Click on each image for a closer look!

As the West Donlands are redeveloped in the next few years, our primary concern should be the preservation of the Cherry Street interlocking tower (Cabin A) after it's taken out of service (IMAGES #31 and #32). This is one of three towers currently operated by the Toronto Terminals Railway on behalf of GO Transit. The John Street tower (Cabin C), just north of the roundhouse, is scheduled to be demolished and has already been architecturally compromised since it had its roof removed in 1989 to make way for the pedestrian bridge over the railway tracks connecting Skydome and Front Street (IMAGES #33 and #34). The Scott Street tower (Cabin B) just east of Union Station is apparently being kept in service by GO as a back-up to its new interlocking system. Pedestrian access to that tower would be difficult due to its location adjacent to the Gardiner Expressway off-ramp (IMAGES #35 and #36).

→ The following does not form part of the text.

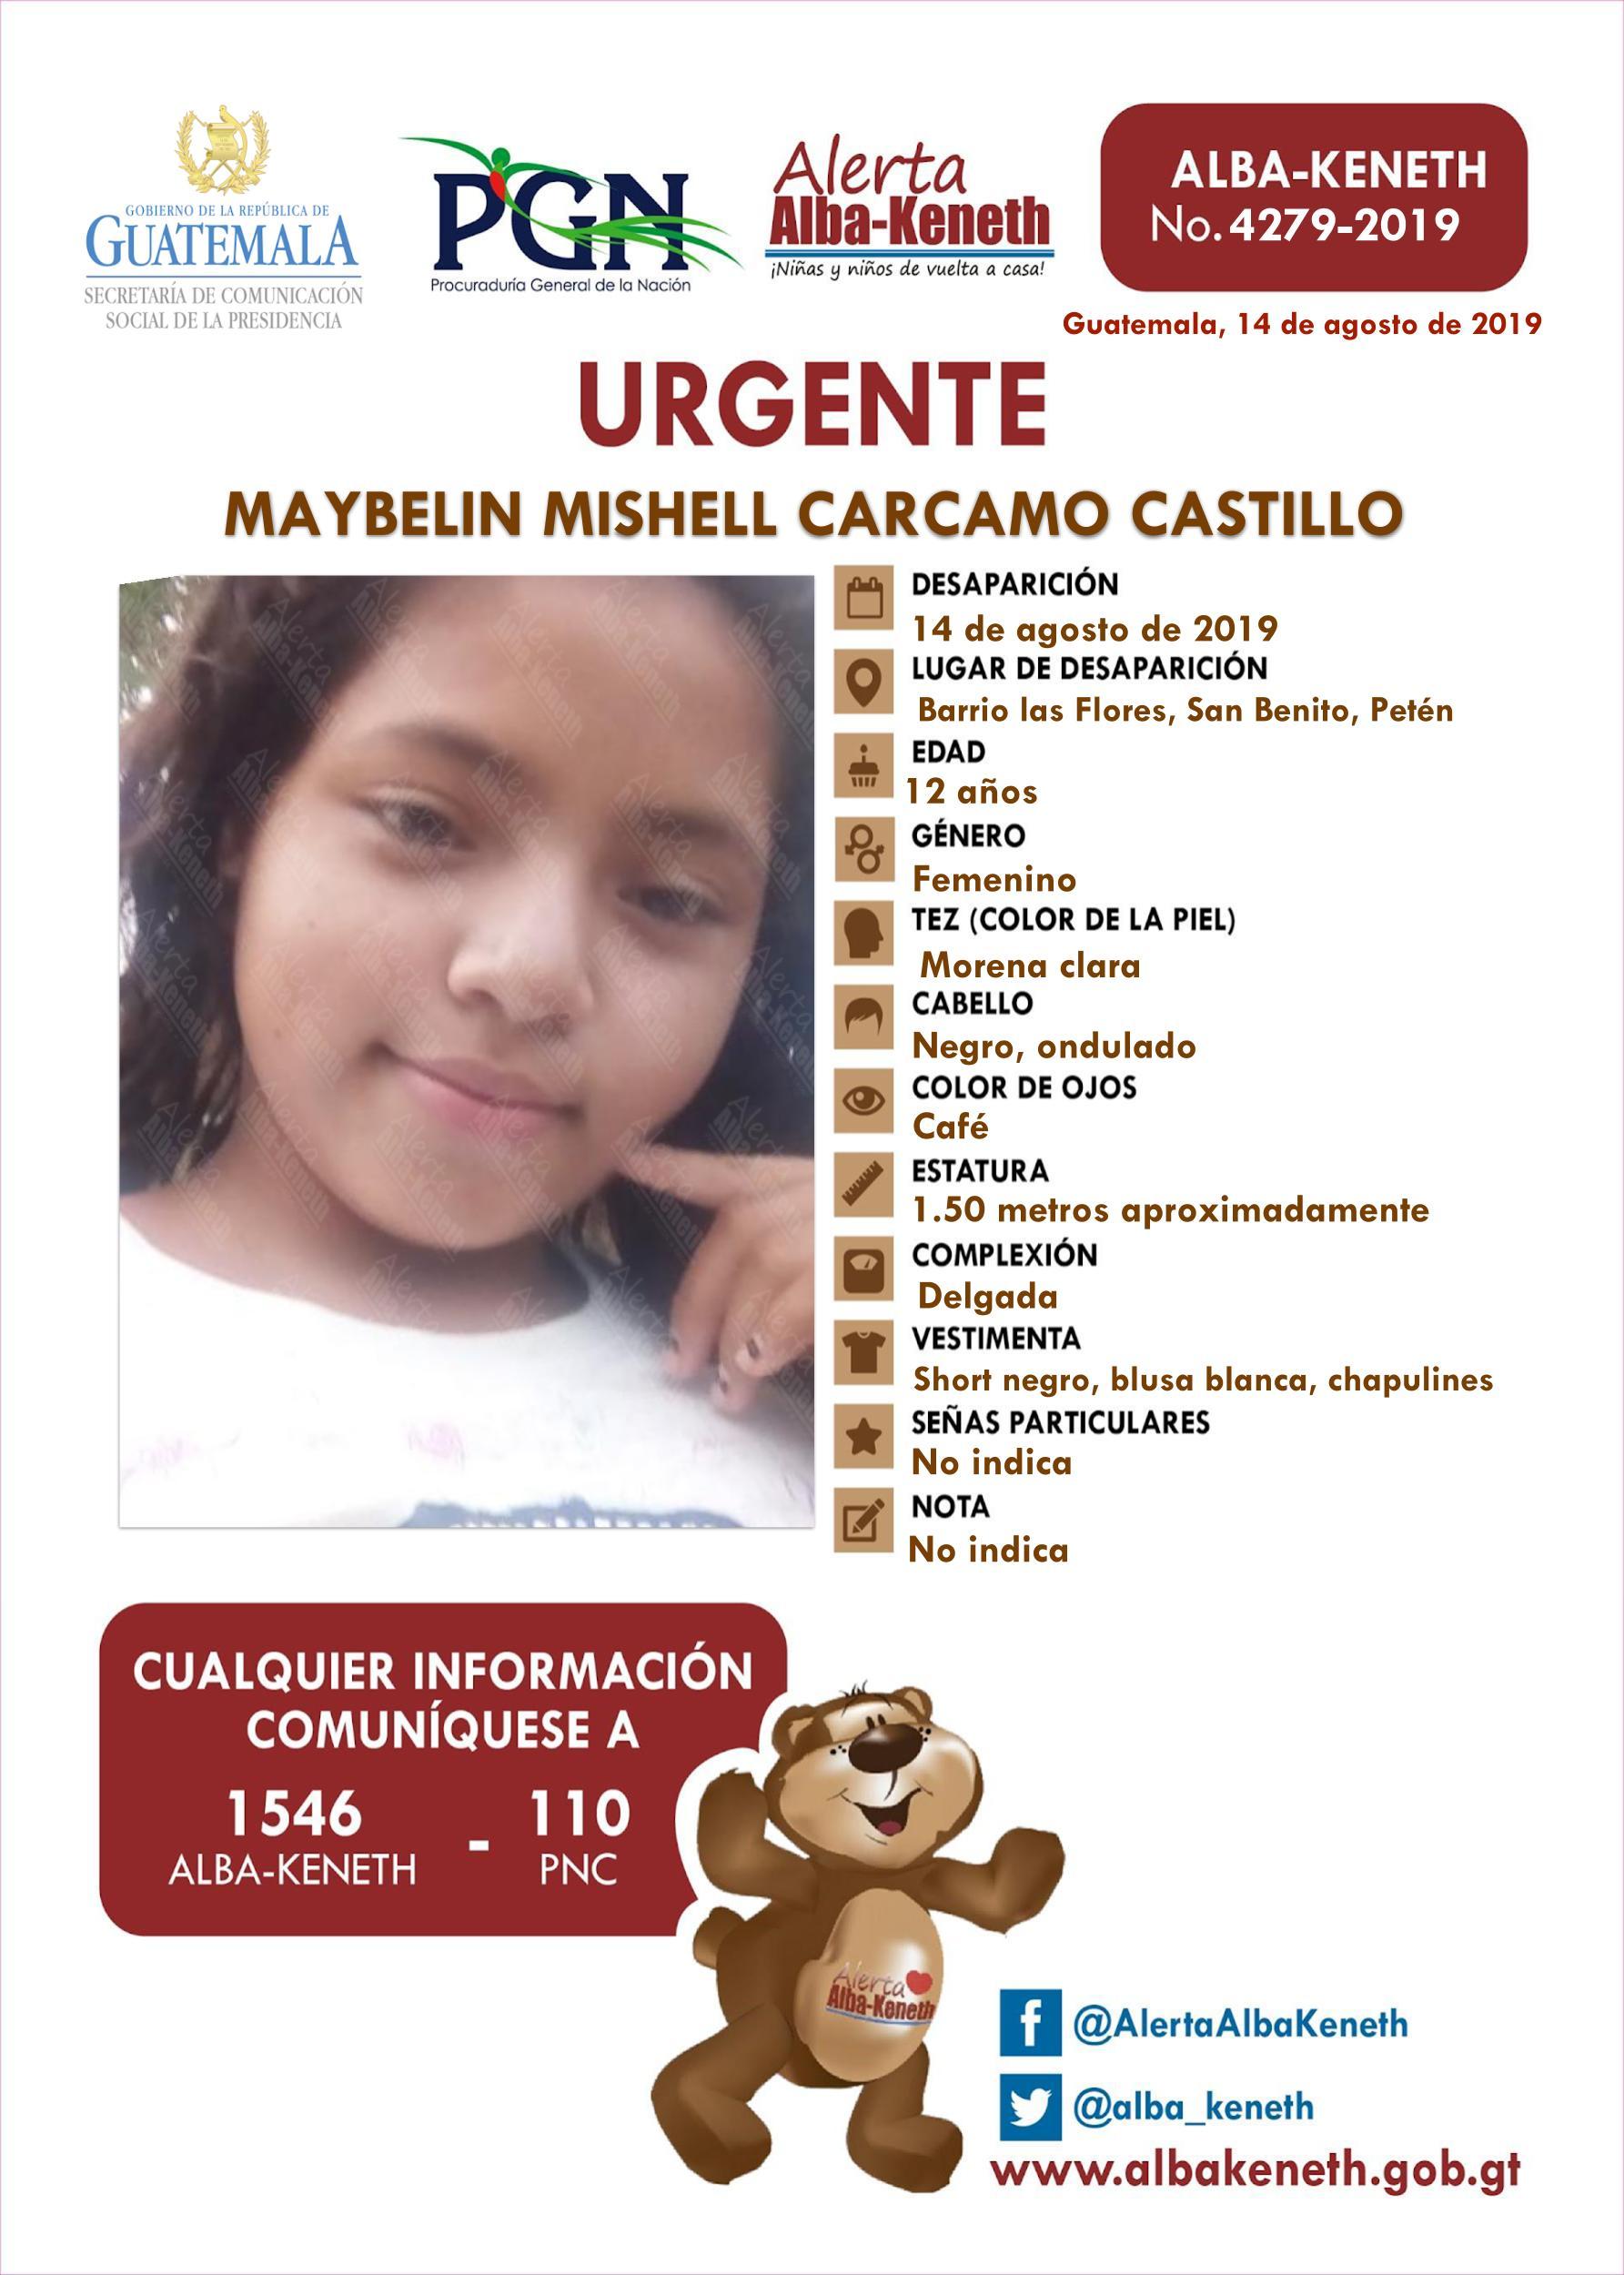 Maybelin Mishell Carcamo Castillo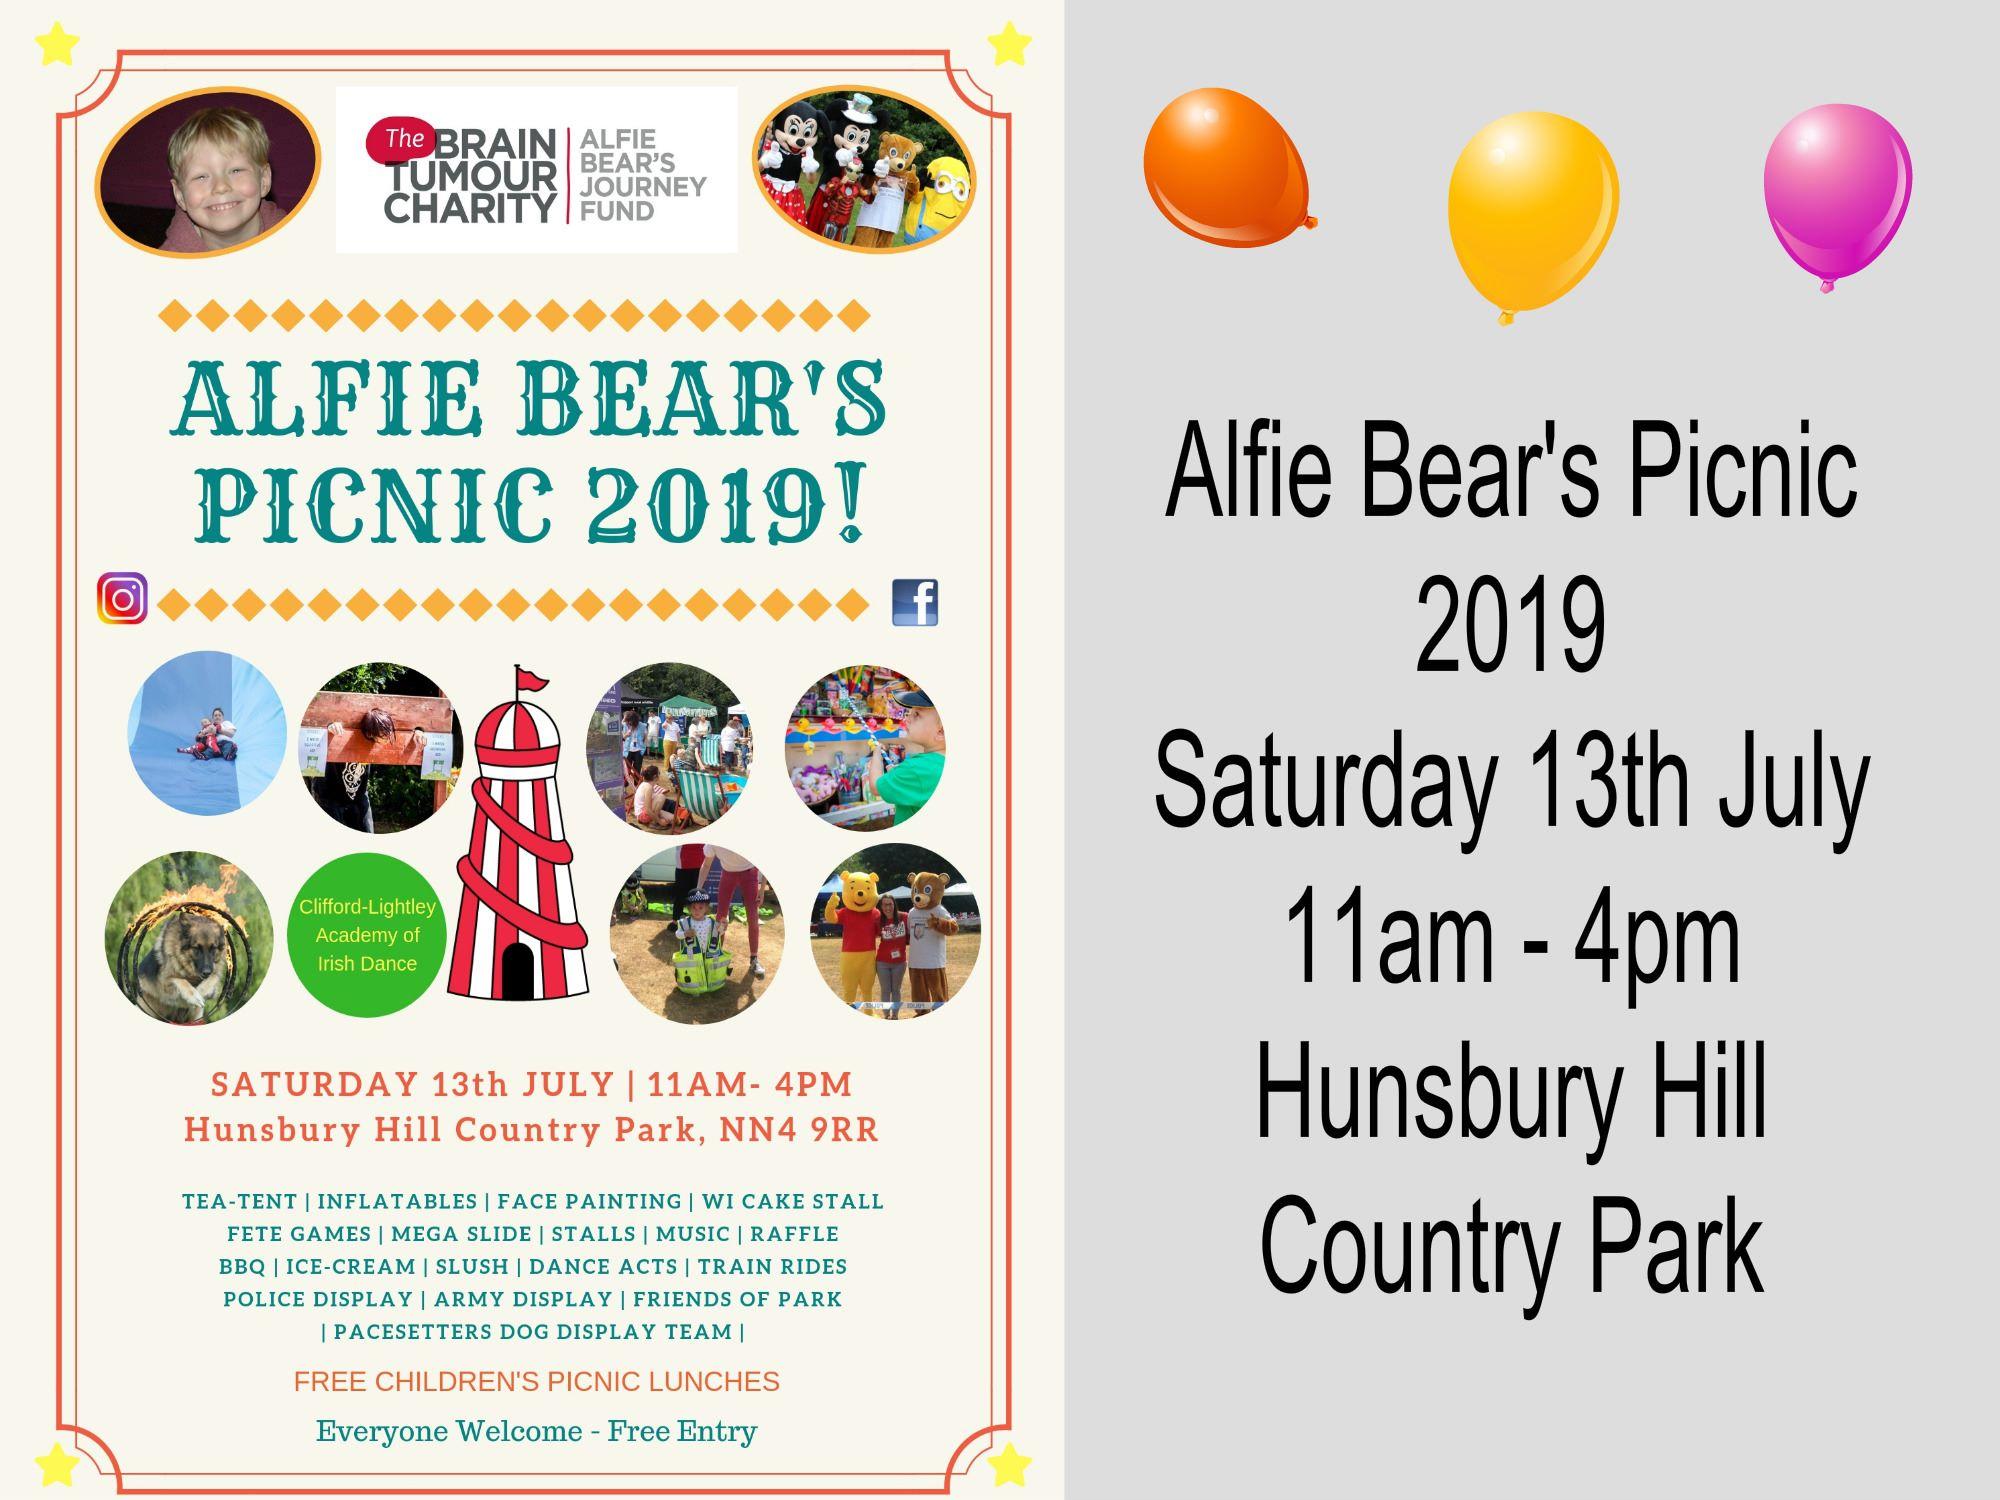 Alfie Bear's Picnic 2019

The Cherry Street tower is a primary candidate for restoration and preservation. As an interpretive display, it's primary value would be relating the story of the Union Station Rail Corridor and the electro-mechanical interlocking that continues to make possible the 235 passenger trains that operate along the corridor every weekday. The Distillery District, now one of the city's most popular tourist attractions is right across the street and the tower would provide a rare opportunity to view passenger train activity between Union Station and the Don River, currently very difficult to achieve without either trespassing on GO property or having access to one of the condo towers near the tracks.

Sometime in 2012, a new Heritage Toronto plaque will be unveiled at the new Don River Park, now nearing completion in the West Donlands. The plaque will commemorate the railway bridge that first spanned the river in 1856, the disassembled pier of which will form a decorative element in the park.